- COLLECTED MATERIAL:
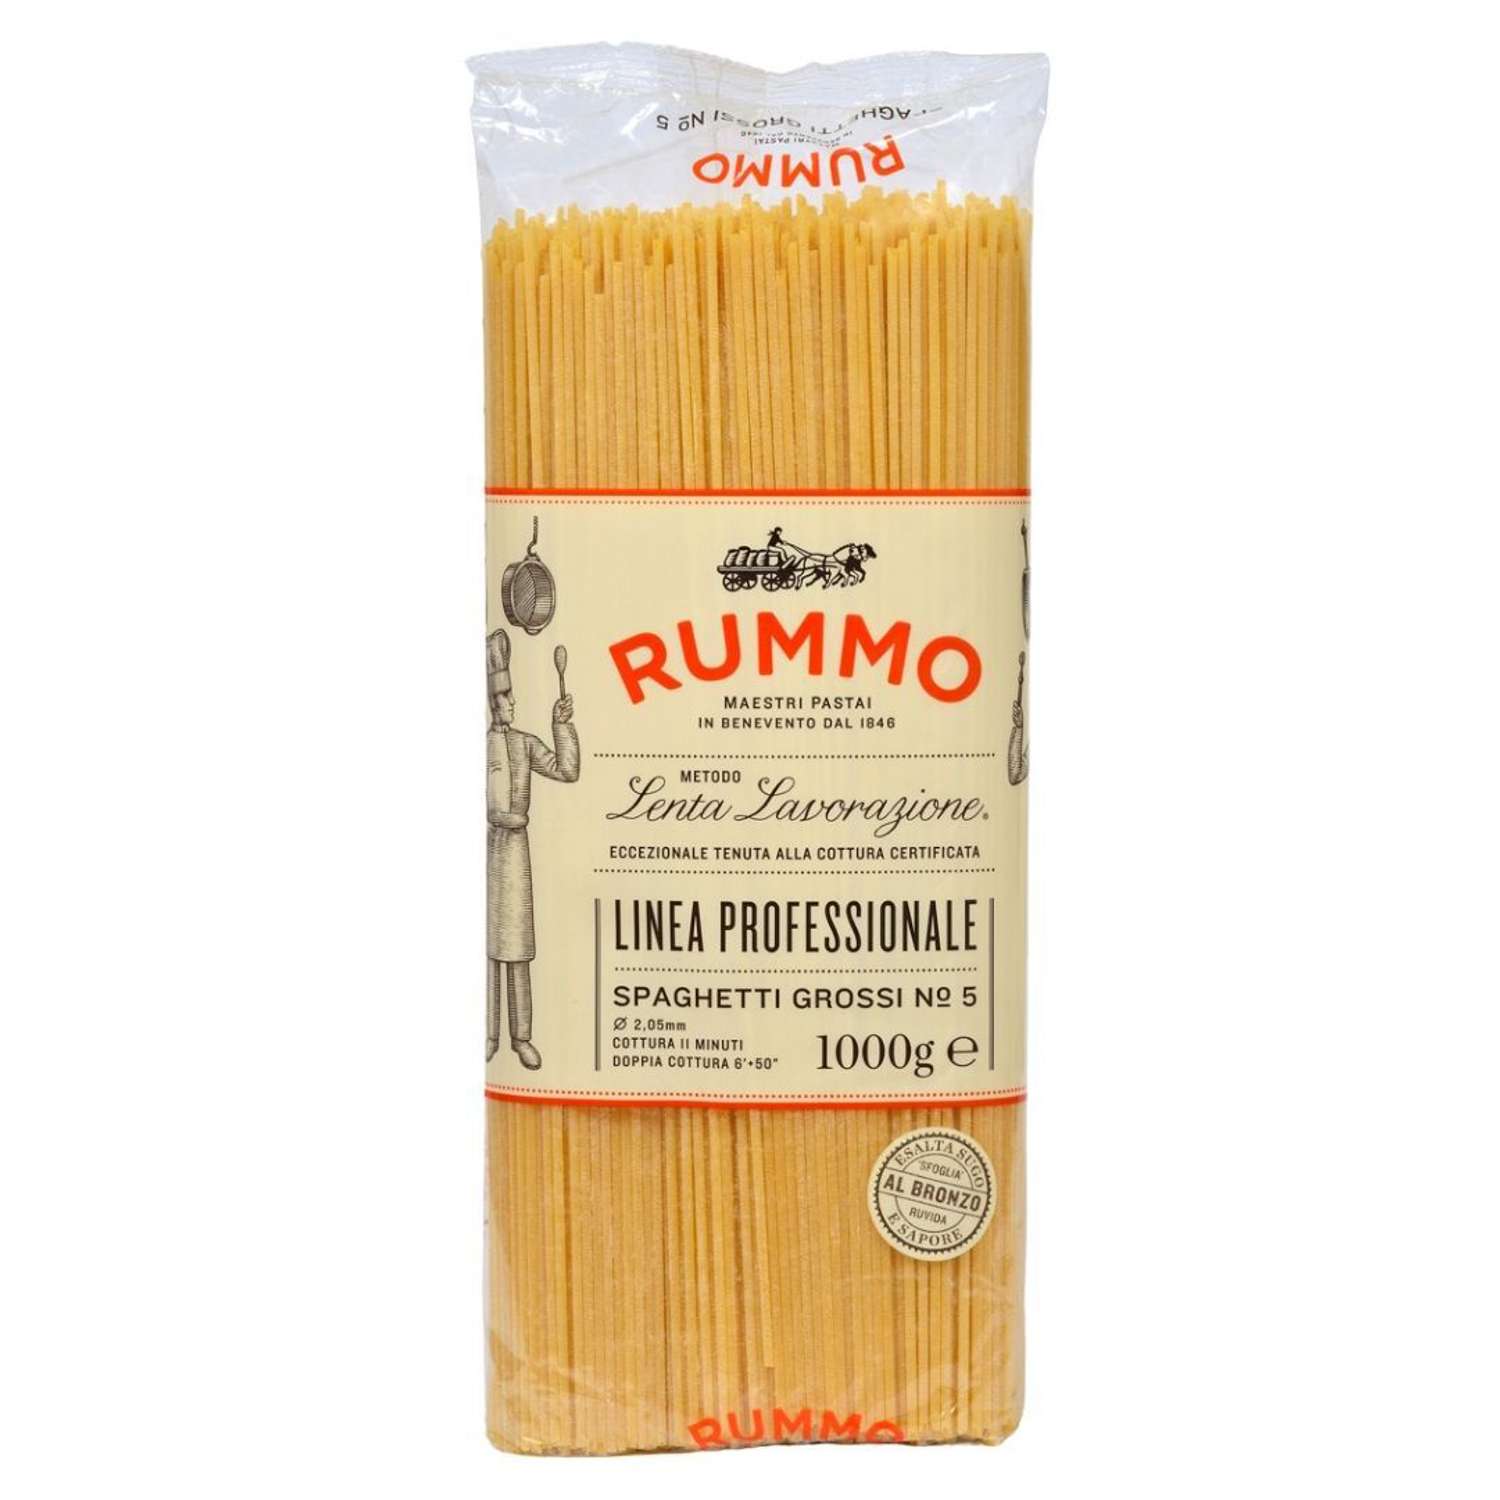 Макароны Rummo итальянская классическая паста Спагетти гросси №5 1000 г - фото 1
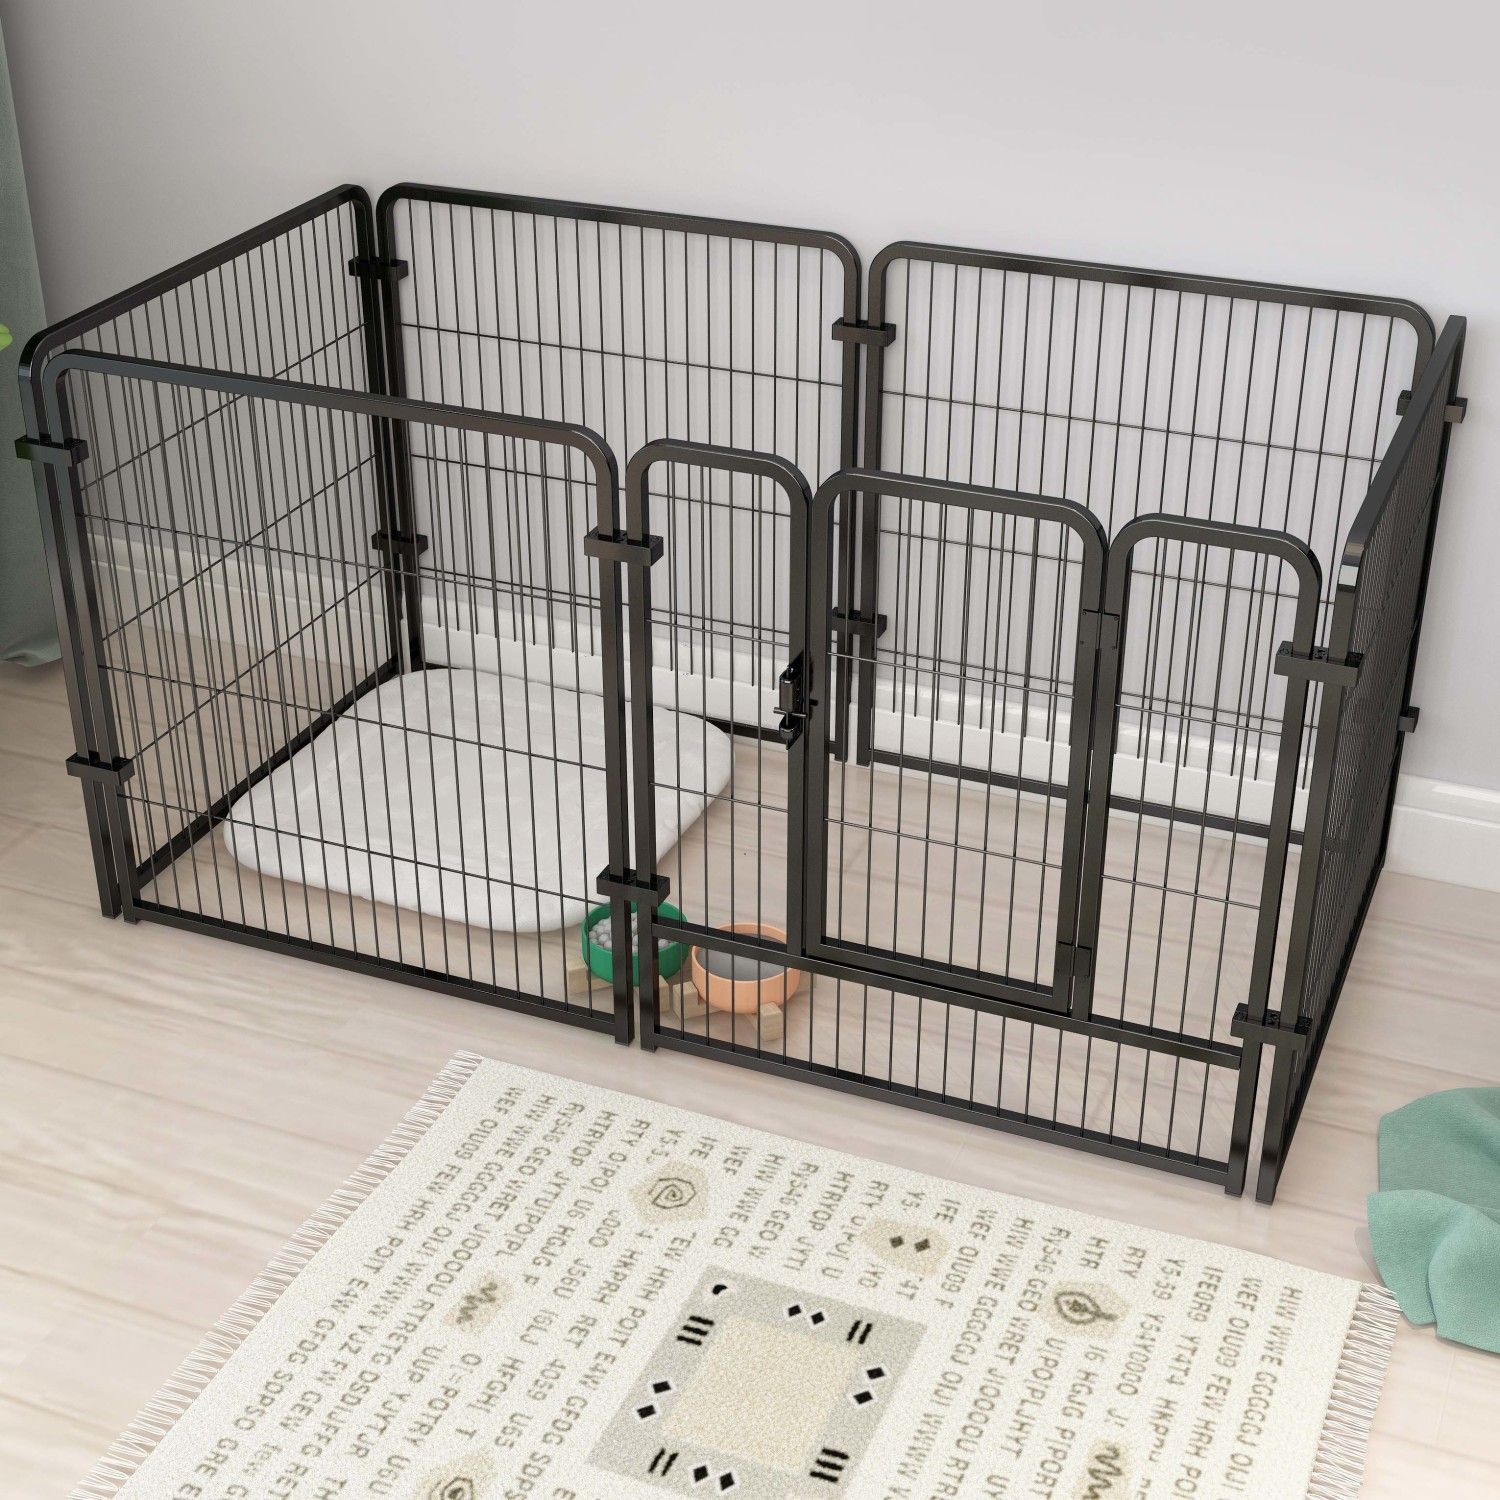 【狗籠】寵物圍欄家用室內狗圍欄超大自由空間自由組合狗柵欄訓廁專用狗籠
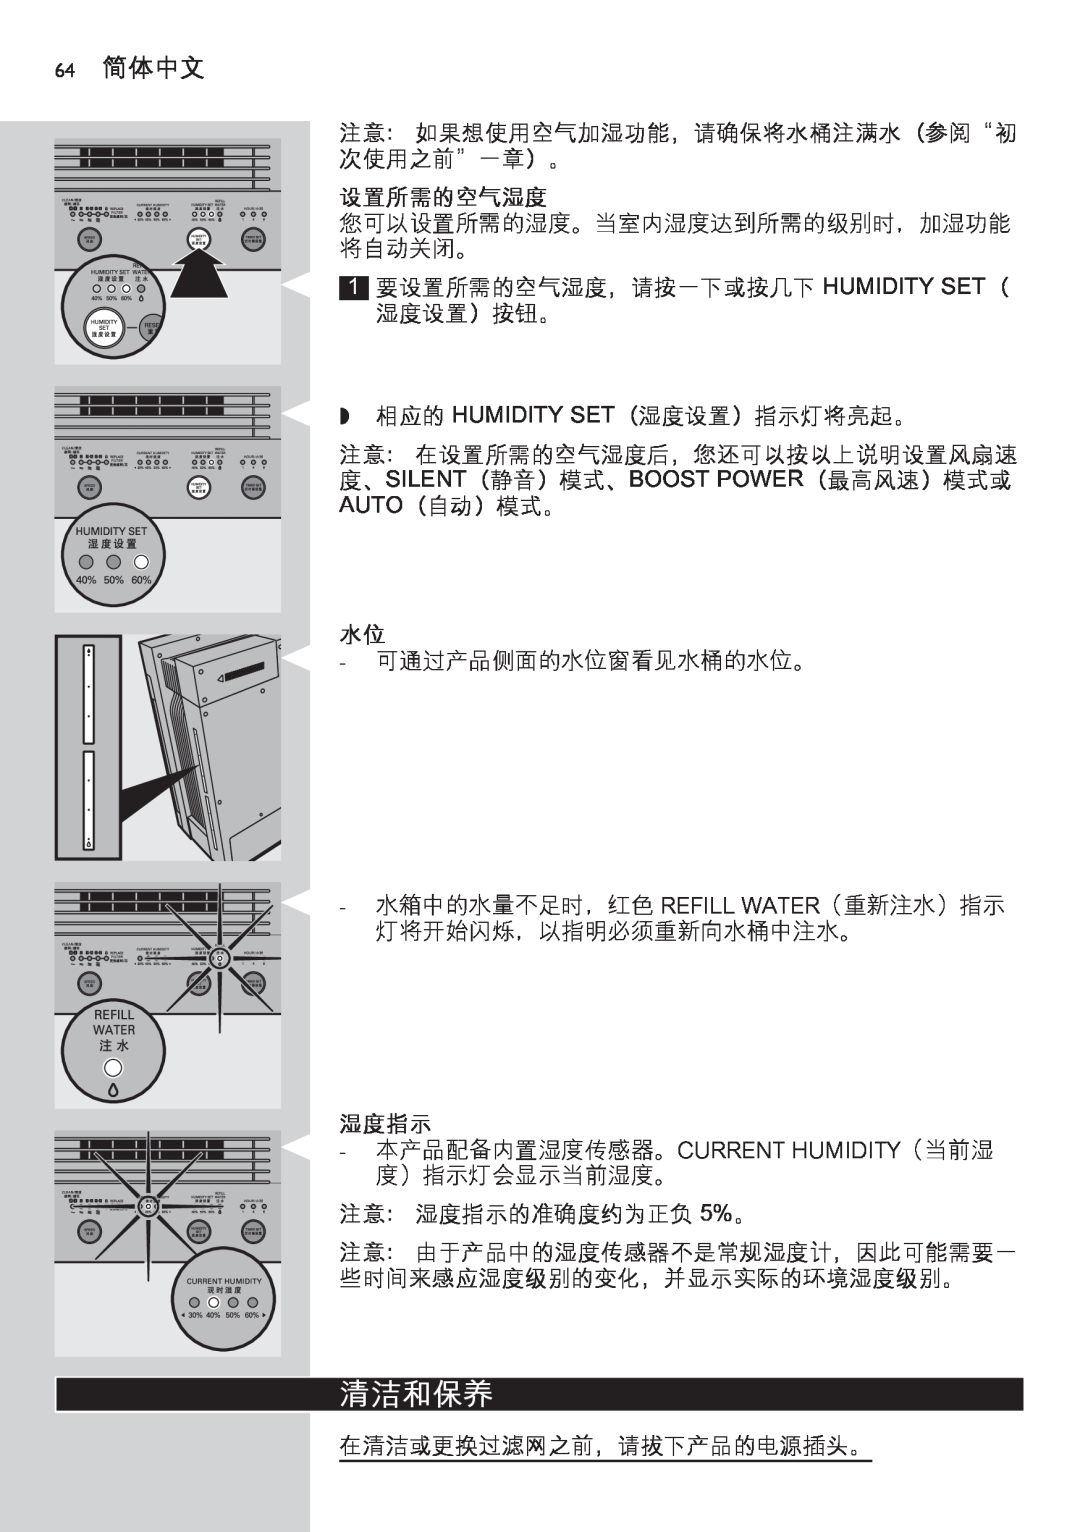 Philips AC4083 manual 清洁和保养, 64简体中文, 设置所需的空气湿度, 湿度指示

- ABOUT THIS TASK: Return every line of the listing exactly, leaving its pictures behind.

- EXPECTED OUTPUT:
 Макароны Rummo итальянская классическая паста Спагетти гросси №5 1000 г - фото 1
 【狗籠】寵物圍欄家用室內狗圍欄超大自由空間自由組合狗柵欄訓廁專用狗籠
 Philips AC4083 manual 清洁和保养, 64简体中文, 设置所需的空气湿度, 湿度指示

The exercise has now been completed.